Before looking at the Regulations themselves it is useful to understand the historical position as to how the Regulations came about.

Linden Gardens Trust Ltd v Lenesta Sludge Disposals Ltd

In this case from 1994, two parties entered into a construction contact which included a clause stating: "[the] employer shall not without written consent of the contractor assign this contract". Despite this clause, the employer assigned the contract without the permission of the contractor.

The question came before the House of Lords to determine whether:

the clause prohibiting the assignment was valid; whether anti-assignment clauses are contrary to public policy; and whether the purported assignment was effective, despite the prohibition. The House of Lords held that:

the clause prohibiting the assignment was valid; anti-assignment clauses are not contrary to public policy; and the purported assignment was not effective. Criticism of the Linden Gardens case and the draft Regulations

The introduction of a legislative prohibition on anti-assignment clauses was discussed in a 2005 Law Commission report (Company Security Interests).

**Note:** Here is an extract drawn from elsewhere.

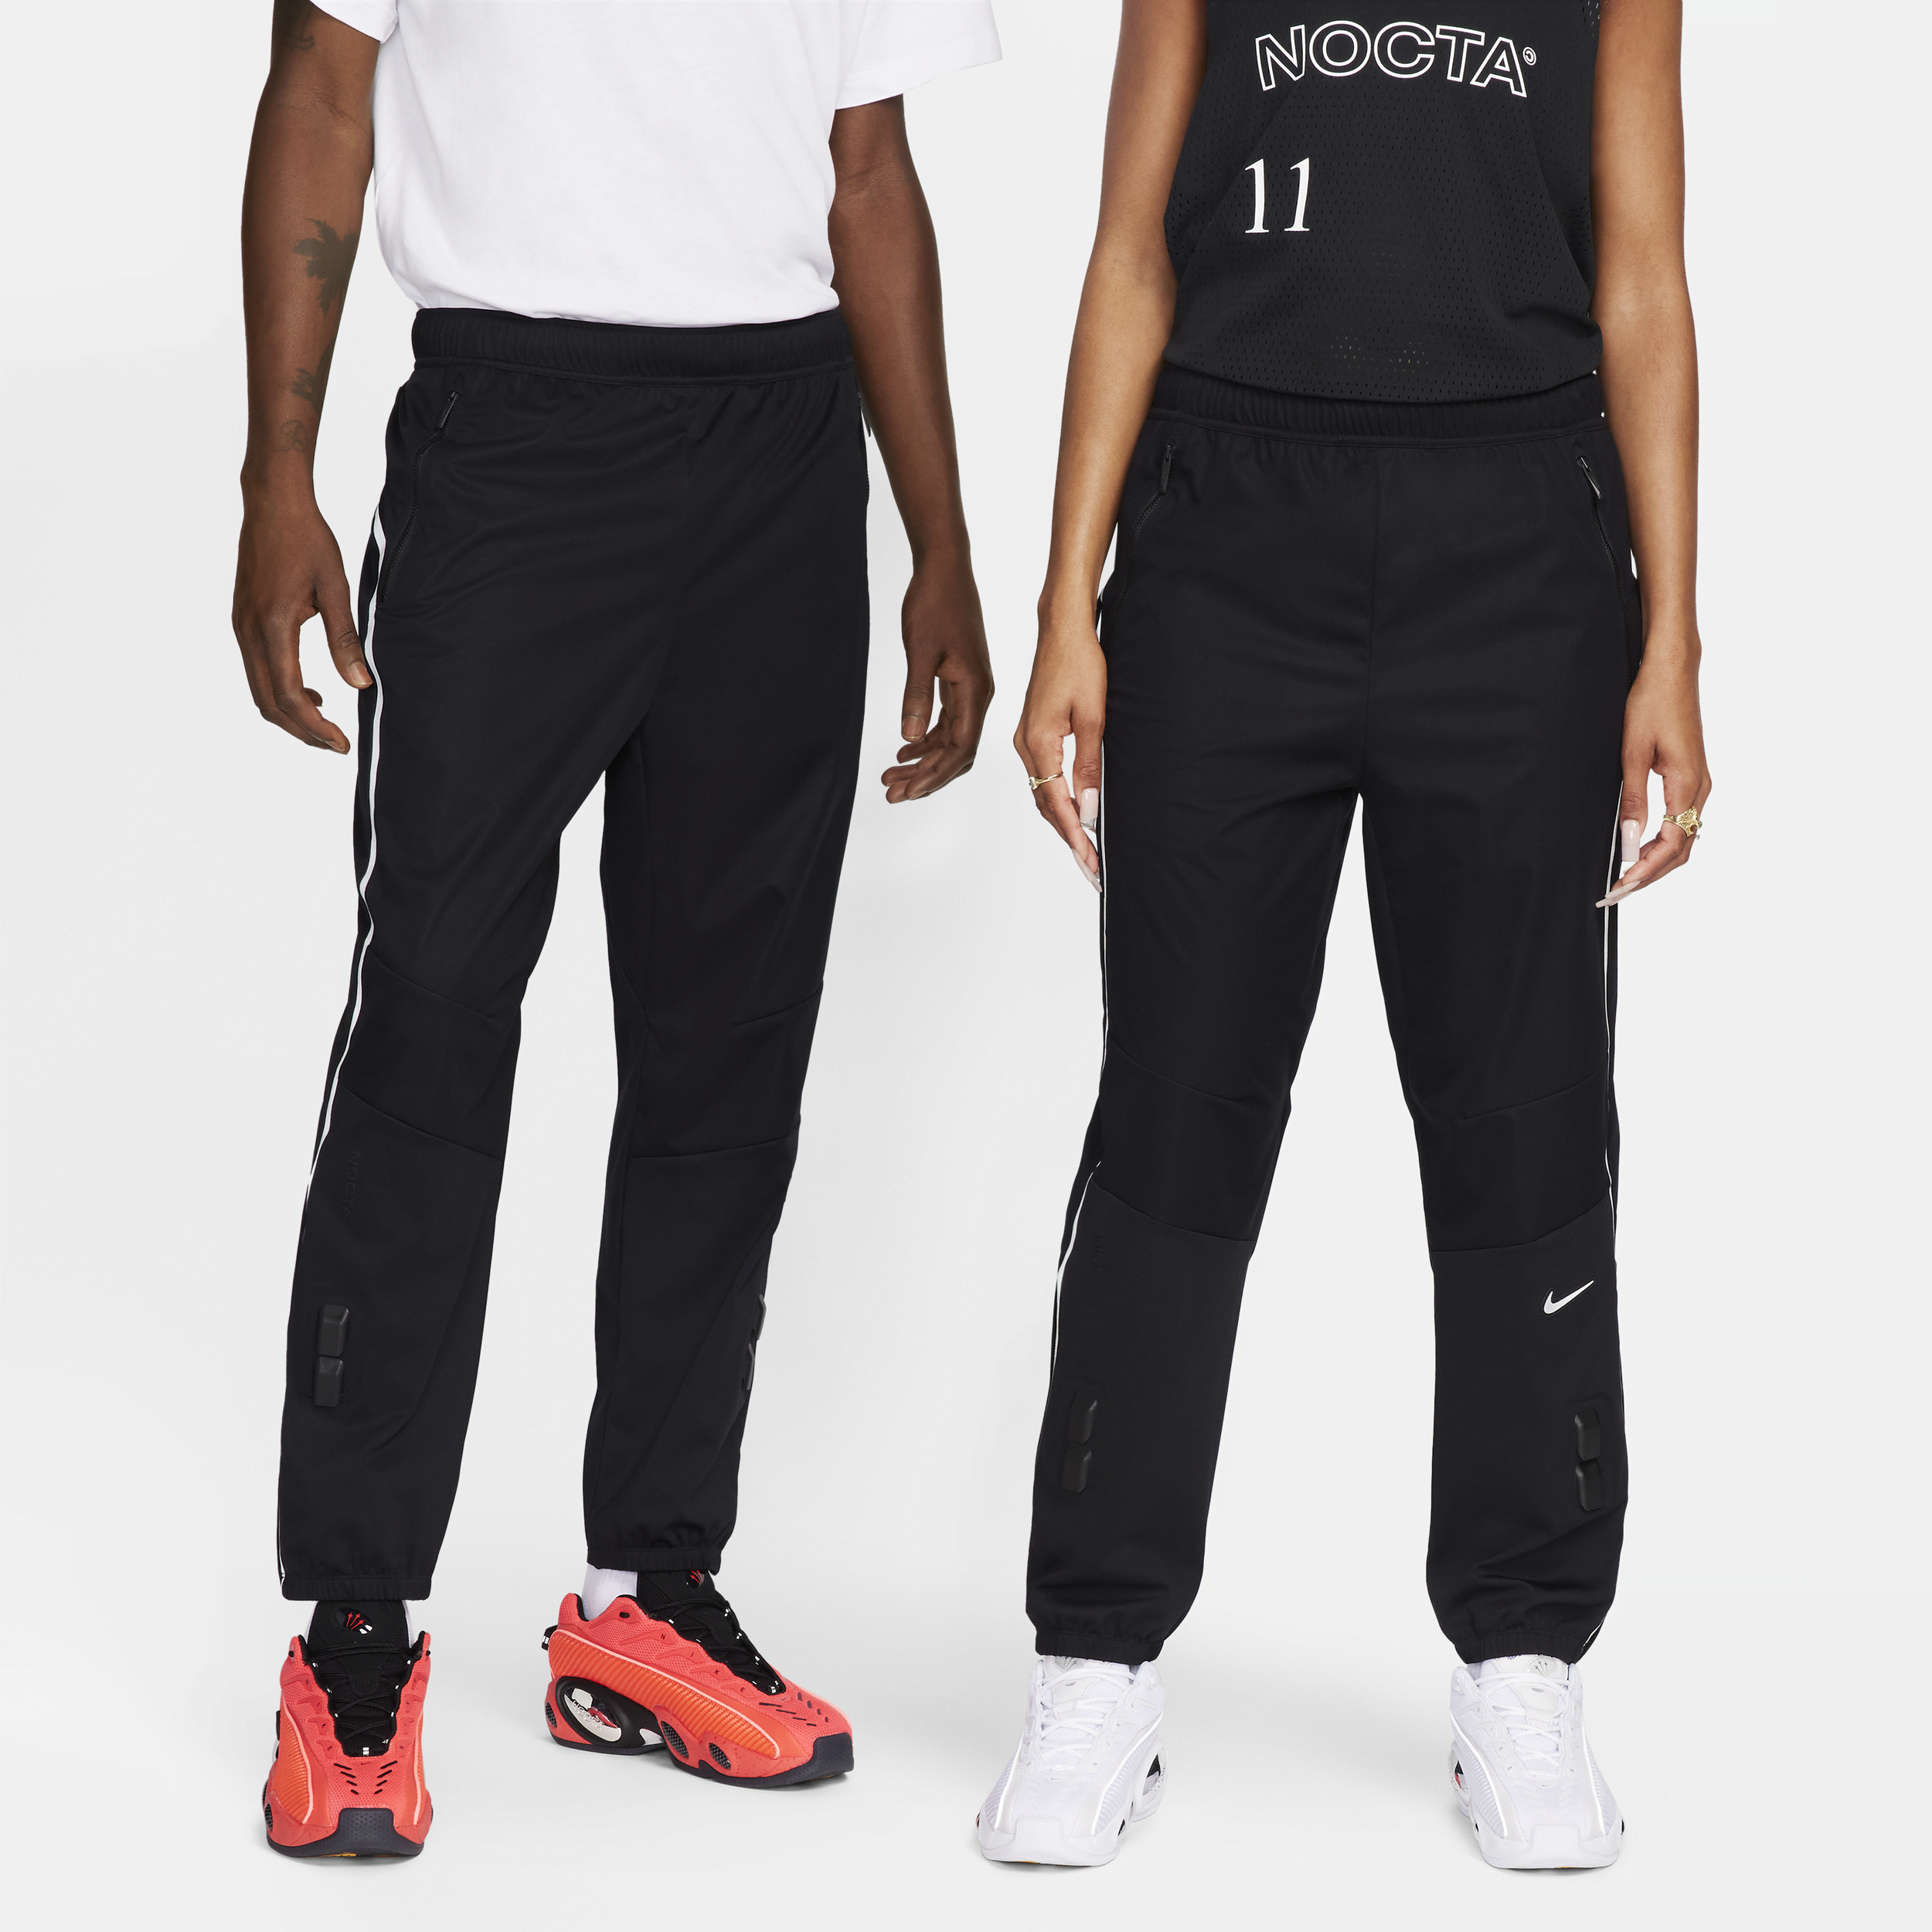 Nike Pantaloni da riscaldamento NOCTA – Uomo - Nero

The proposals in the Law Commission report lay dormant until 2014 when the UK Parliament discussed a prohibition on anti-assignment clauses to facilitate the sale of invoices by UK small businesses to invoice finance companies.

In 2017 a first draft of the Regulations was issued. This first draft of the Regulations aimed to:

nullify anti-assignment of receivables clauses in all contracts other than excluded contracts; and nullify certain restrictions on what information can be passed to an assignee in respect of receivables. The draft Regulations included a list of ten forms of excluded contract. The list of excluded contracts included, amongst others:

contracts for financial services; contracts for the sale of land; contracts for the sale of shares or a business; contracts relating to national security interests; and petroleum licences. The first draft of the Regulations was criticised by the legal and business community on the basis of it being disproportionate to its aims, and potentially damaging to English law on the basis that it applied to all contracts and...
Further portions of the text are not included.